27 Le tarif prend deux formes: un droit d’adhésion dépendant du chiffre d’affaires (de 5000 dollars pour un chiffre d’affaires de moins d’1 milliard de dollars, à 20 000 dollars pour un chiffre d’affaires de plus de 10 milliards de dollars); une participation pour chaque usine impliquée dans le programme (le tarif est dégressif, de 1000 dollars par usine pour les entreprises qui comptent moins de 20 usines dans le programme, à 850 dollars pour celles qui en comptent plus de 50).

28 Le prix est dégressif, de 1400 dollars par rapport pour les entreprises qui souhaitent accéder à moins de 10 rapports, à 1000 dollars par rapport pour celles qui souhaitent accéder à plus de 60 rapports.

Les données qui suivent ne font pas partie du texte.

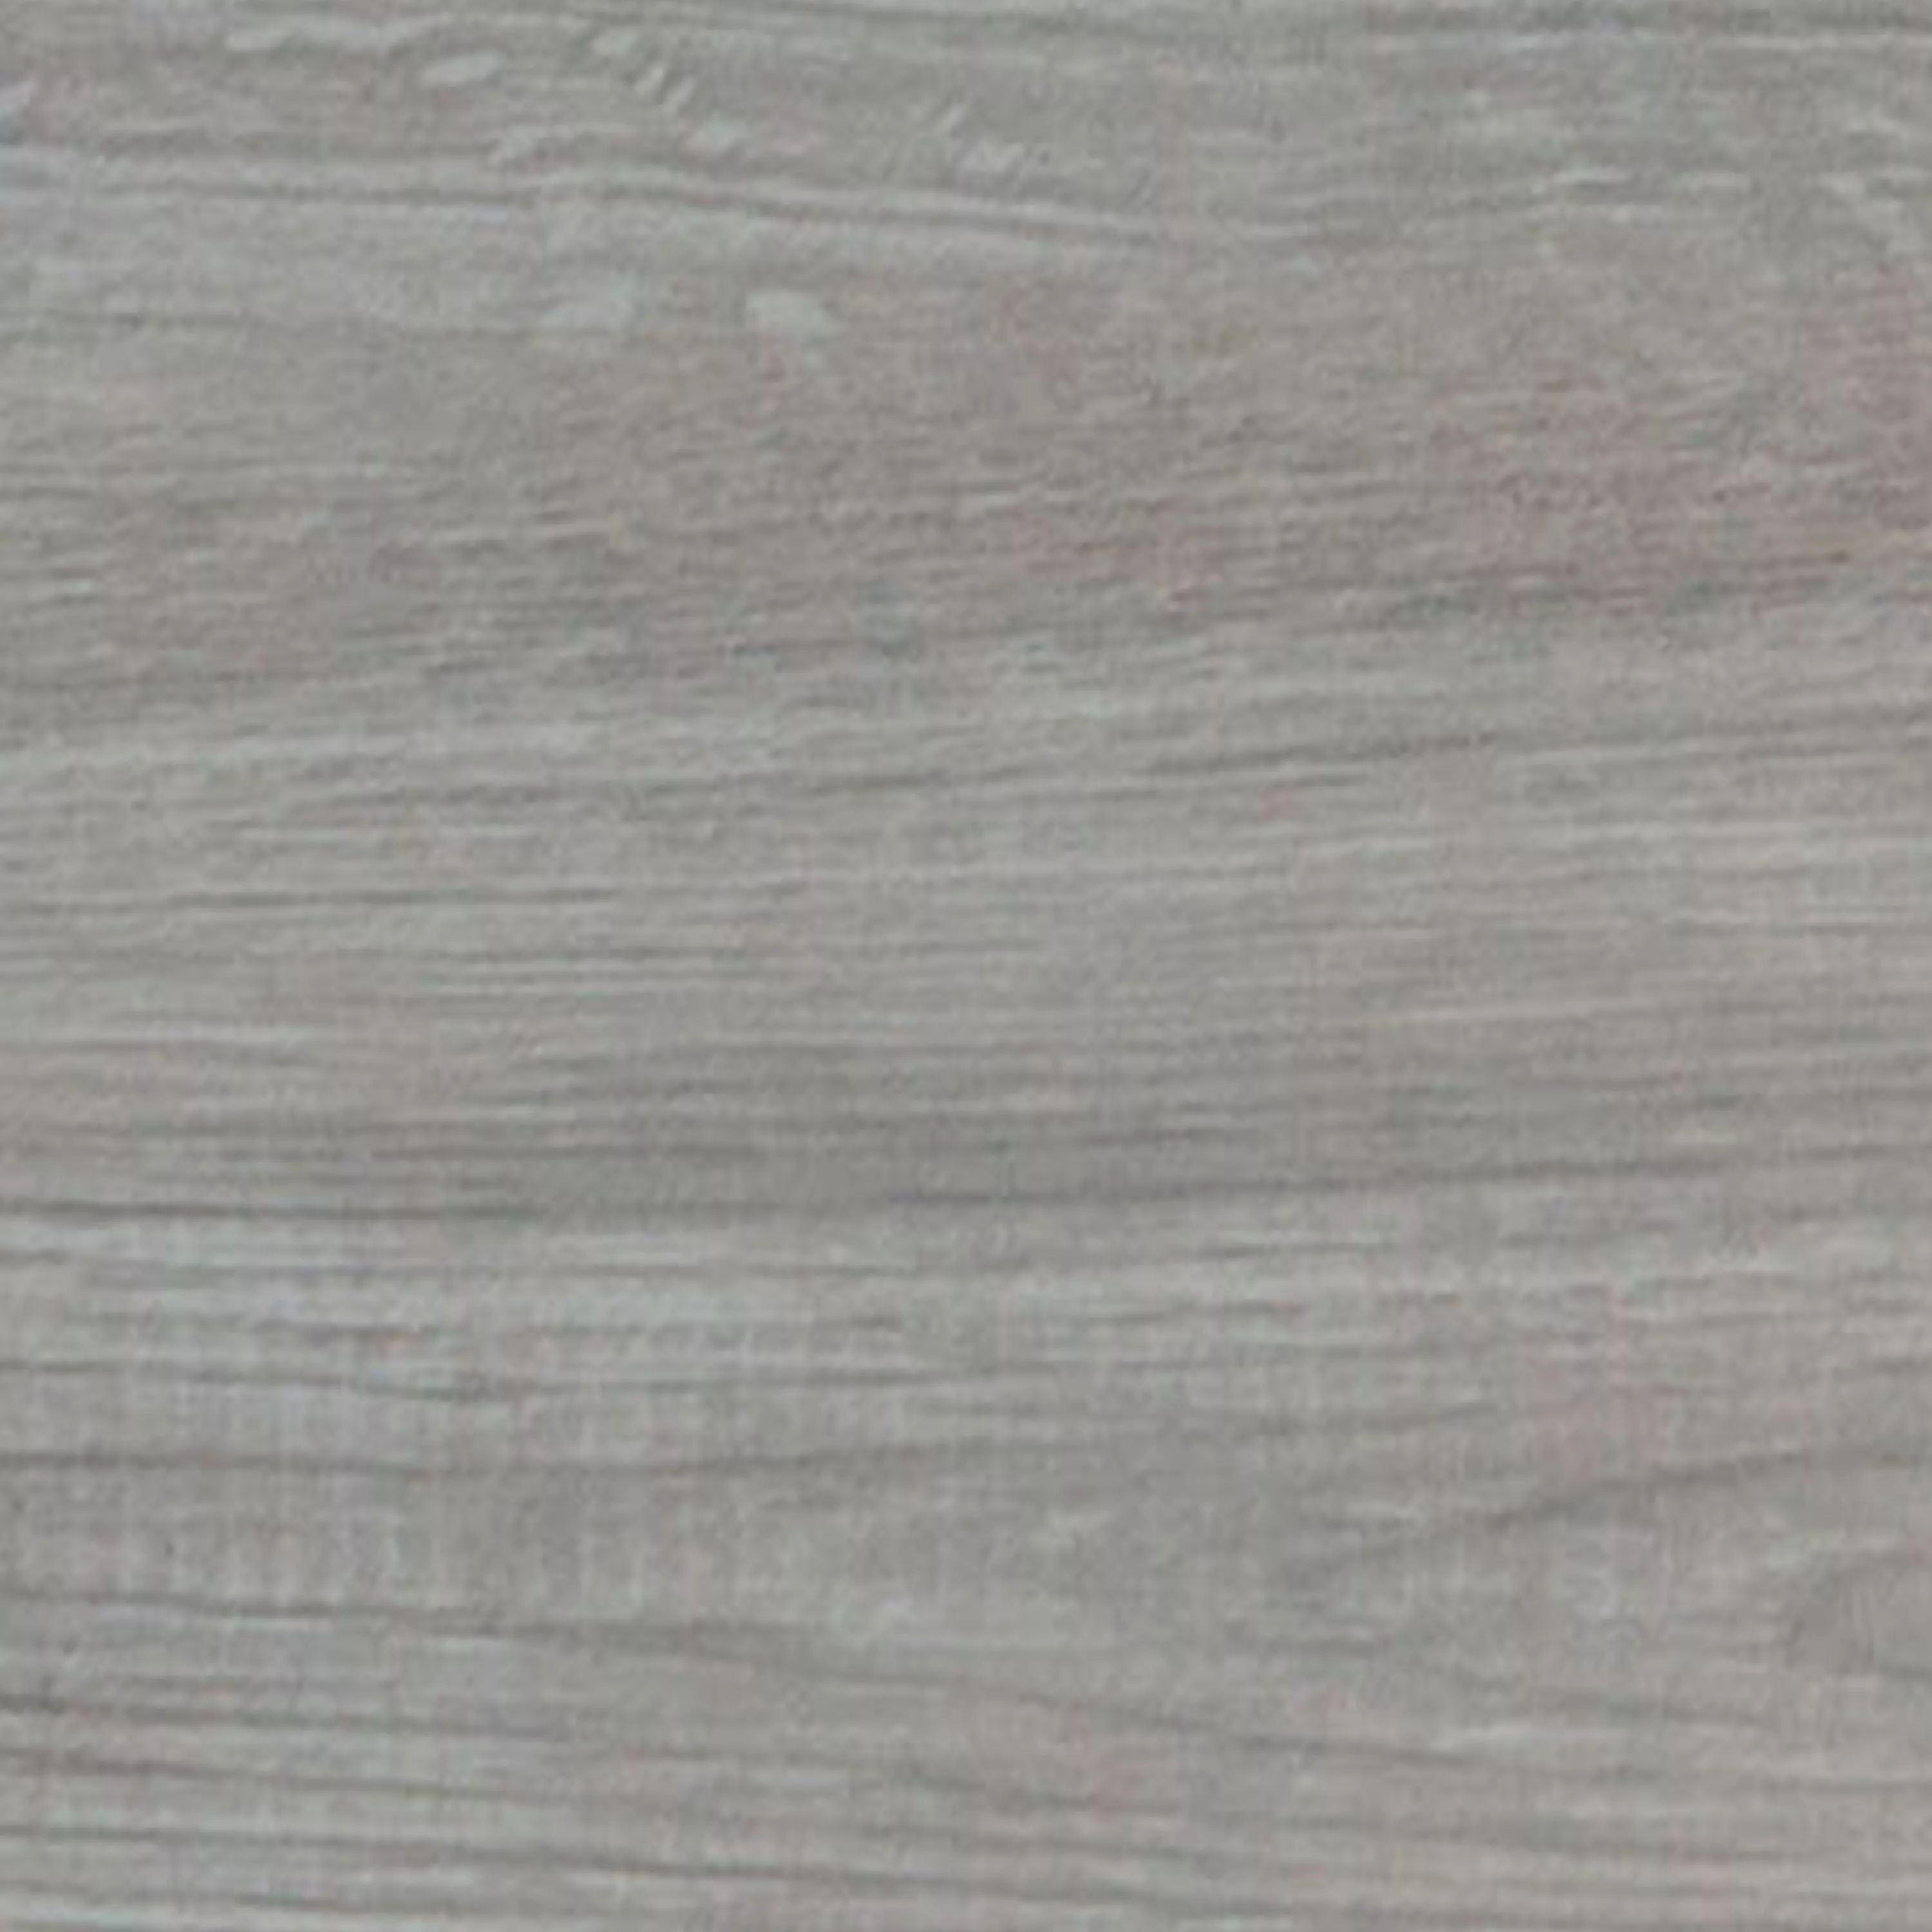 Podlahové Dlaždice Dřevěný Vzhled Fullwood Béžová 20x120cm

Encadré 3: Entreprises «buyer partners» du programme Better Work

Abercrombie & Fitch; Adidas Group; American Eagle Outfitters, Inc.; Ann Taylor; Asics; Cole’s, Australia; Debenhams; Dick’s Sporting Goods Ltd.; Esprit; Gap Inc.; Global Brands Group; H&M Hennes & Mauritz AB; Inditex; Jones Apparel Group, Inc.; Kate Spade & Company; Levi Strauss & Co.; Li & Fung; New Balance Athletic Shoe, Inc. (NBAS); Next Plc.; NIKE, Inc.; Patagonia, Inc.; Pentland Brands, Plc.; Primark Stores Ltd.; Puma SE; PVH/Phillips-Van Heusen Corporation; Recreational Equipment Inc. (REI); Talbots, Inc.; Target; The Children’s Place; The William Carter Company.